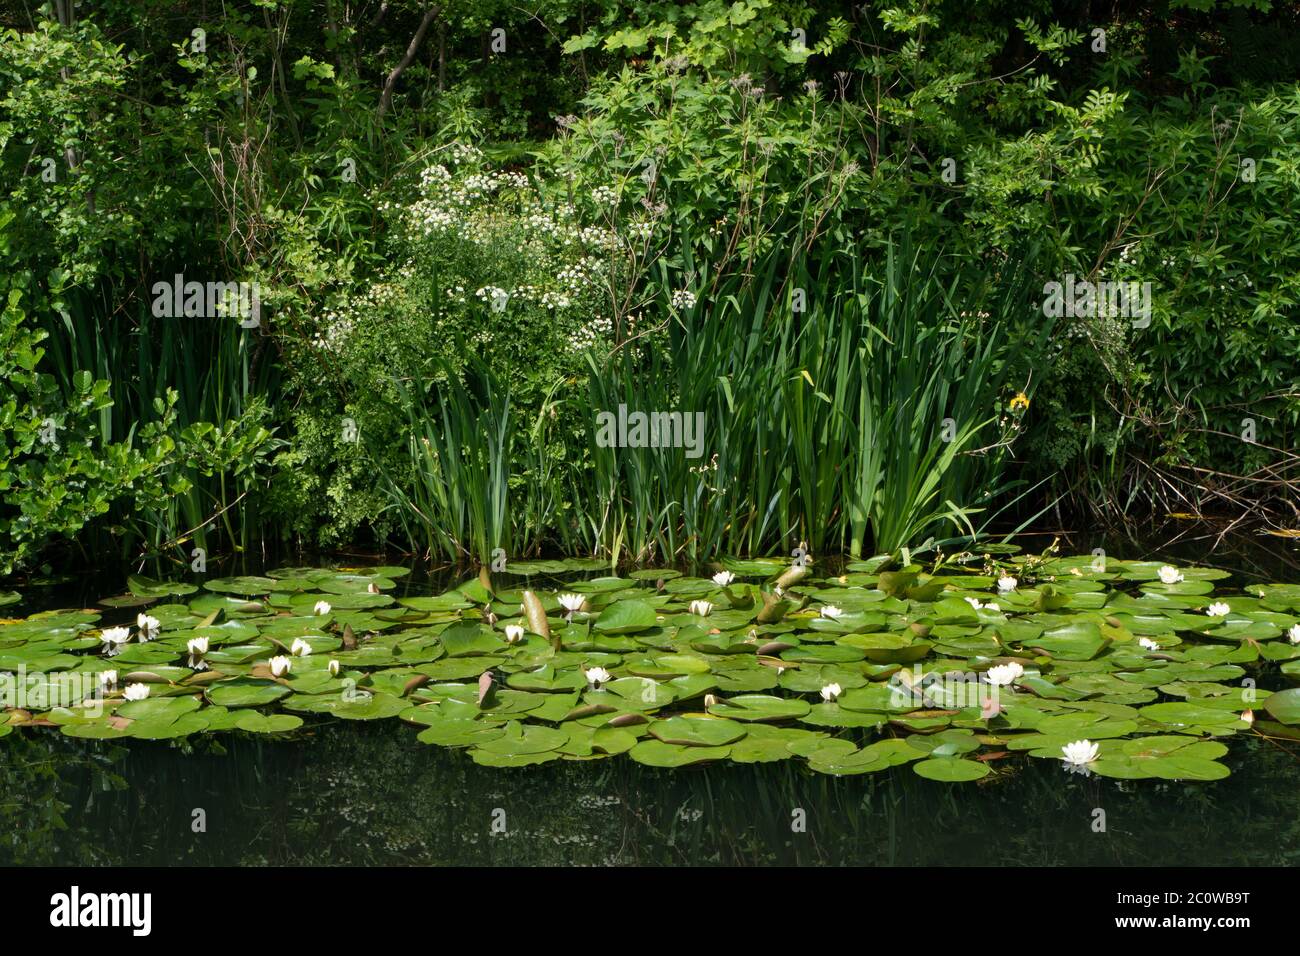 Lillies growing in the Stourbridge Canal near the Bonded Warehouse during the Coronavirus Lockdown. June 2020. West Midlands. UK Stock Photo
○ ○ ○ ○ ○
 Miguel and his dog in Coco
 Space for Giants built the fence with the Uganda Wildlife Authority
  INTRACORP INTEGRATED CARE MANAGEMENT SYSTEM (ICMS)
○ ○ ○ ○ ○
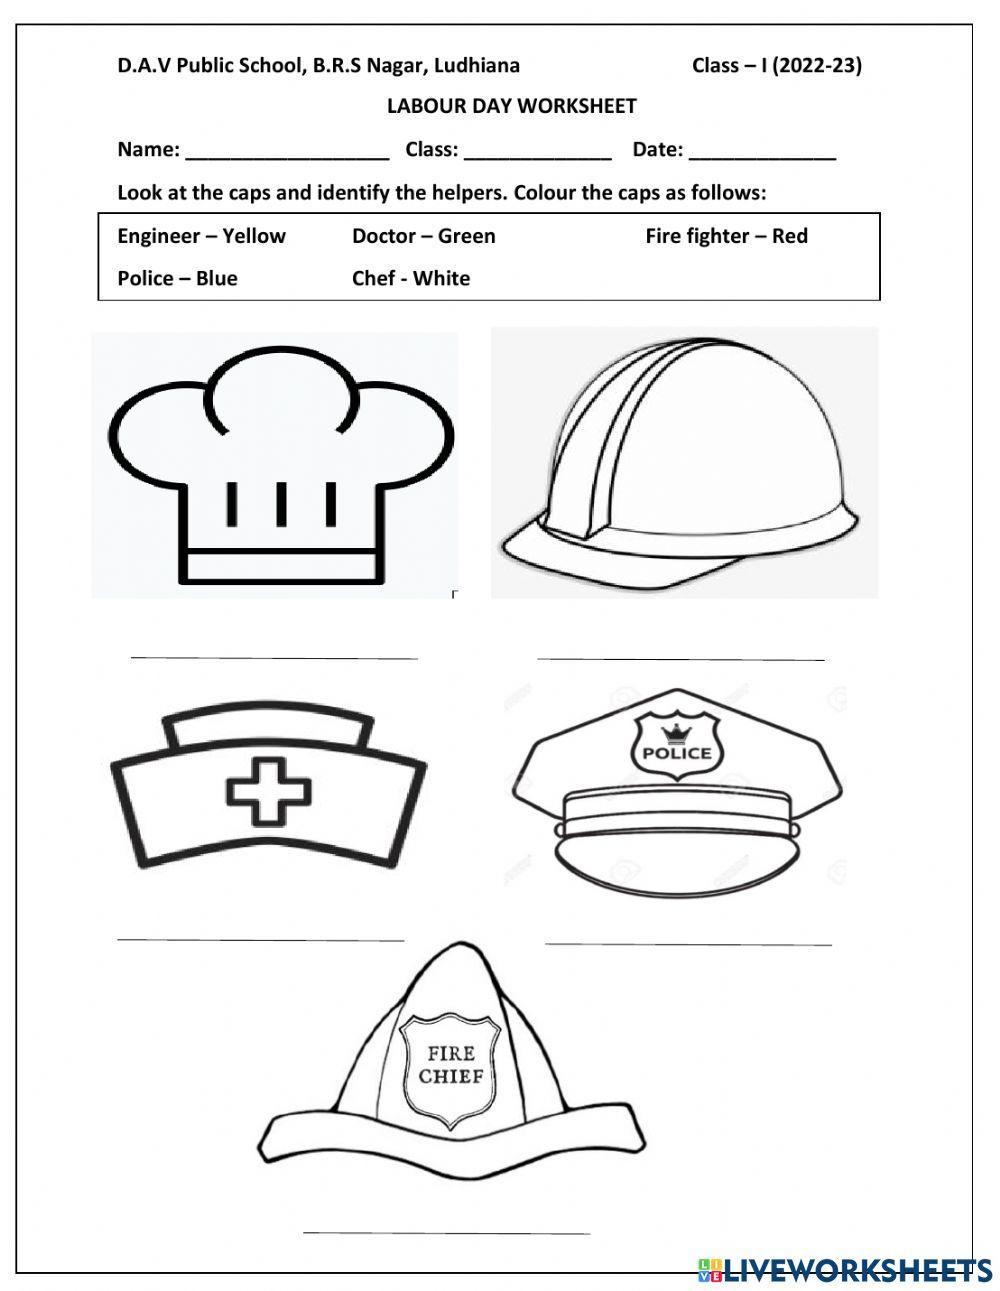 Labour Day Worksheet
○ ○ ○ ○ ○
PROBLEM TO WORK ON » Retype the entries above exactly, but only from the line containing "Space for Giants" through the line containing "INTRACORP INTEGRATED CARE", both included.

SOLUTION TO THE EXERCISE »
 Space for Giants built the fence with the Uganda Wildlife Authority
  INTRACORP INTEGRATED CARE MANAGEMENT SYSTEM (ICMS)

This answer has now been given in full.